As frustrating as a divorce can be, very few people actually wish for their ex to expire while the divorce is ongoing. Occasionally, however, accidents or illnesses mean that one spouse dies while a former couple is moving through the legal procedures for dissolving their marriage. When either spouse dies during divorce, the remaining party may have a number of questions regarding the status of their former partner’s estate and how they themselves need to proceed in order to claim their portion of any marital property that has not already been divided by a final order from the Virginia court overseeing the divorce case. A Fairfax family law attorney with DiPietro Law Group may be able to help you evaluate your situation and navigate the steps you need to take to secure your independence and financial freedom. Call our office at (866) 607-3461 today to schedule a consultation.

Estate Planning Terms You May Need To Know

“Descent” and “intestate succession” are not terms you are likely to encounter in most divorce cases, but if your spouse dies during your divorce, you may find yourself dealing with them frequently. Descent, in this context, refers not to the deceased individual’s ancestry, but to the way his or her property is passed on, specifically through the intestate succession. Intestate succession, meanwhile, is the legal process by which the property of an individual who dies without leaving behind a valid Will (also known as dying intestate) is transferred to heirs. When a decedent (an individual who has died) does leave a valid Will, then instead of “descent,” property is usually said to be transferred by bequest or devise, and the property is left to beneficiaries, rather than distributed to heirs.

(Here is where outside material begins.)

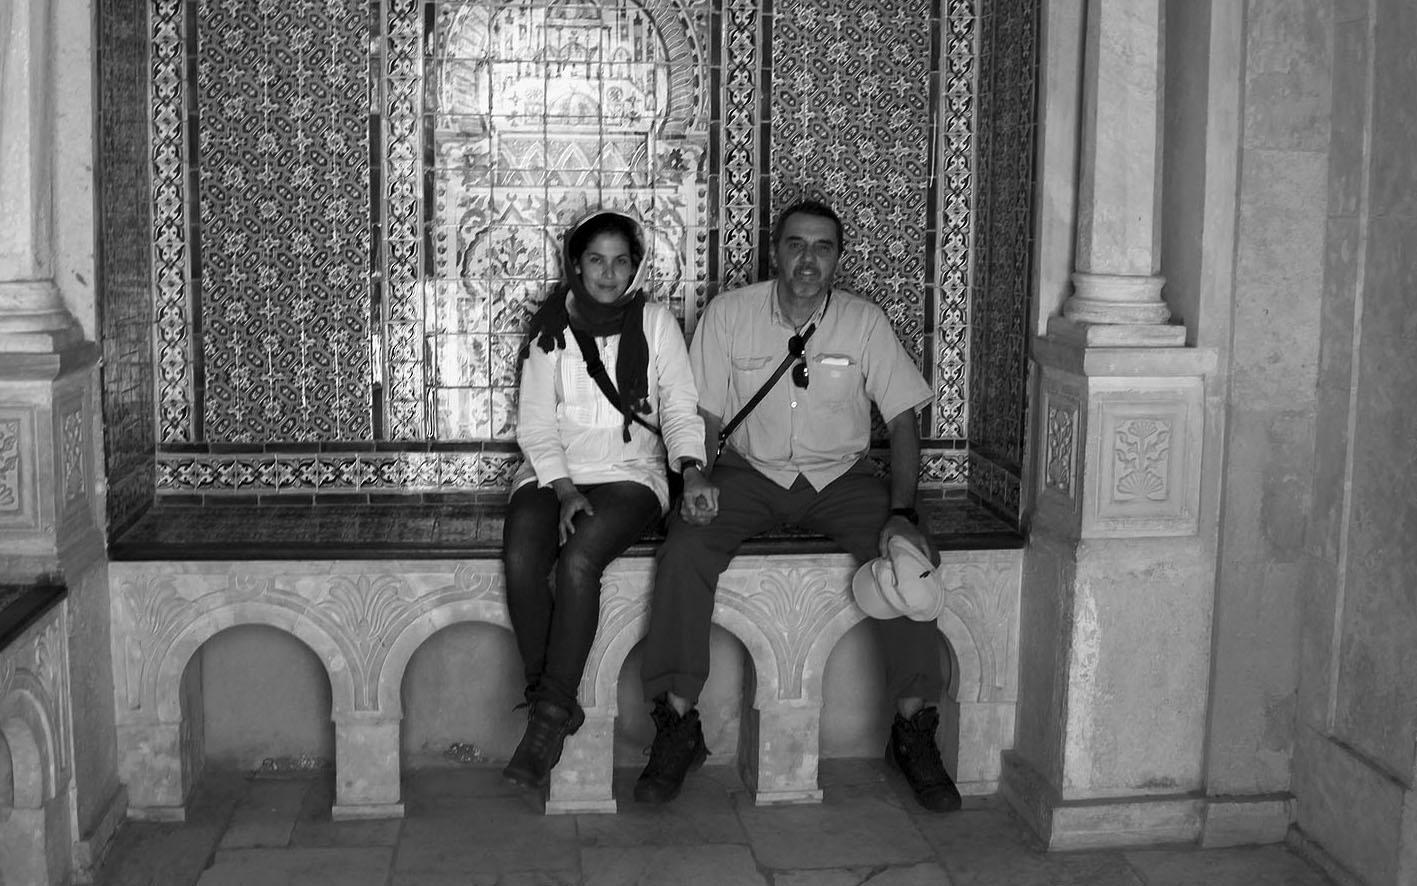 TUNÍSIA - ⵜⵓⵏⴻⵙ - تونس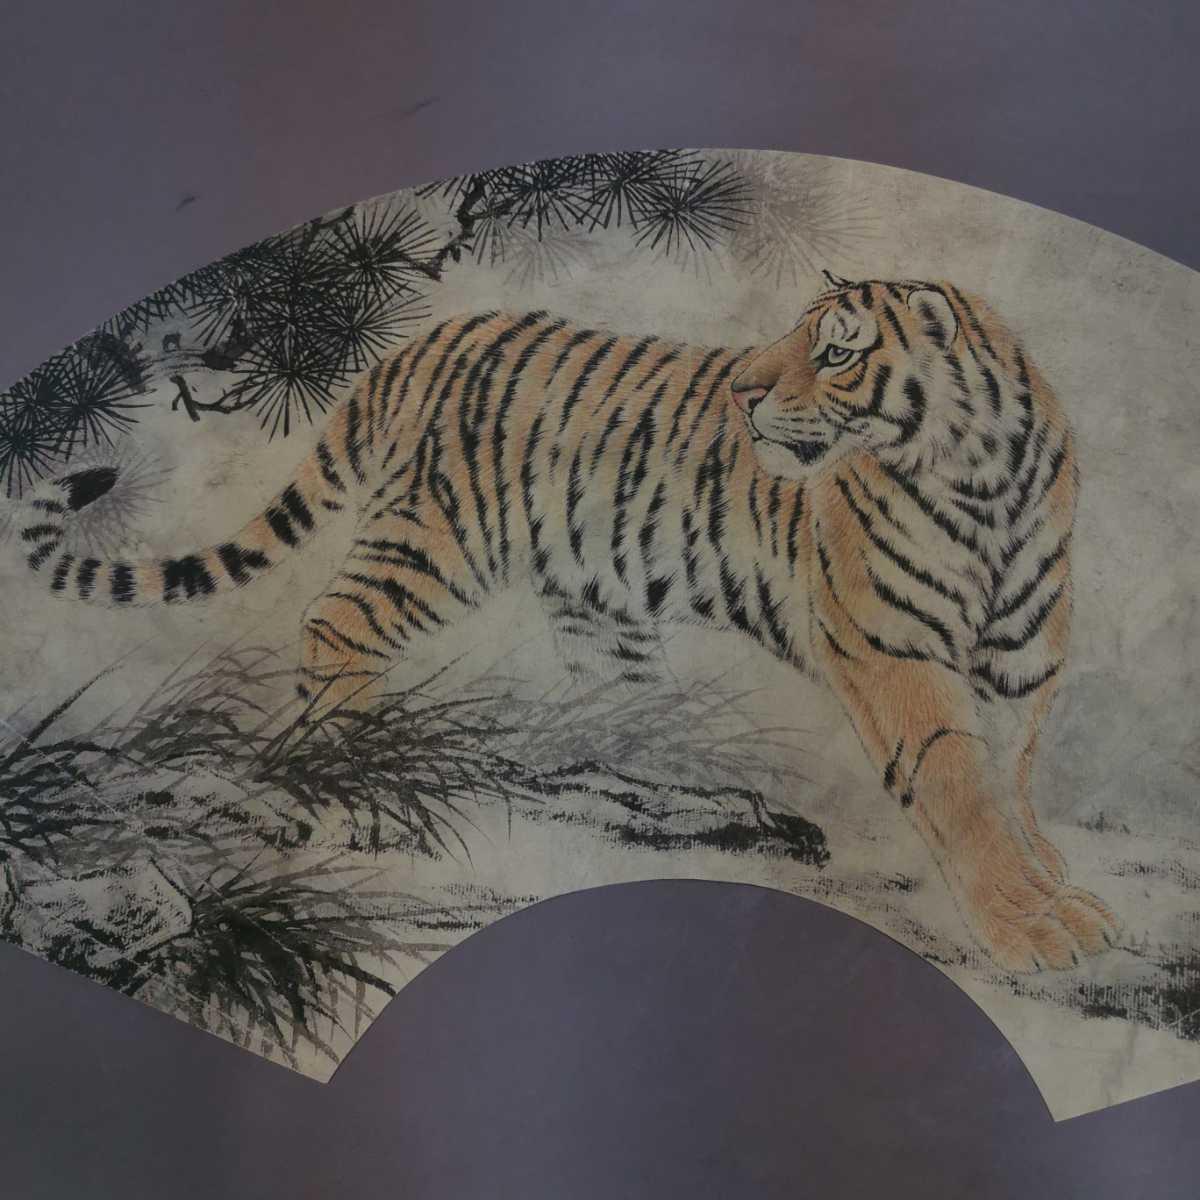 扇面 掛軸 虎図 紙本 肉筆保証 掛け軸 時代物 在銘 中国古美術 中国美術 古玩 古董 時代物 唐物 000307_画像2

Assess the Legal Situation: When One Spouse Dies Before the Divorce Is Final

Having one party die while a court case of any type is pending can complicate matters for surviving individuals connected with the case. The death of one spouse during a divorce, however, can be especially bewildering for the party remaining. In addition, in Virginia there are some specific factors related to the state’s inheritance laws, and its legal procedures for handling separation and divorce, that can make it especially confusing for a surviving would-be ex to identify and navigate the next steps when a spouse dies before the divorce can be finalized through the Virginia courts.

When Probate Meets Family Law

While fortunately unusual, cases in which one spouse dies while their divorce is ongoing can be legally complicated because they necessarily involve two areas of law that are generally separate: family law and probate. Depending on whether your estranged spouse had any estate planning measures in place, and what those were, the probate end of the process may involve an entirely new set of legal concerns and interactions with one or more probate lawyers with whom you may or may not be familiar from the time of your marriage.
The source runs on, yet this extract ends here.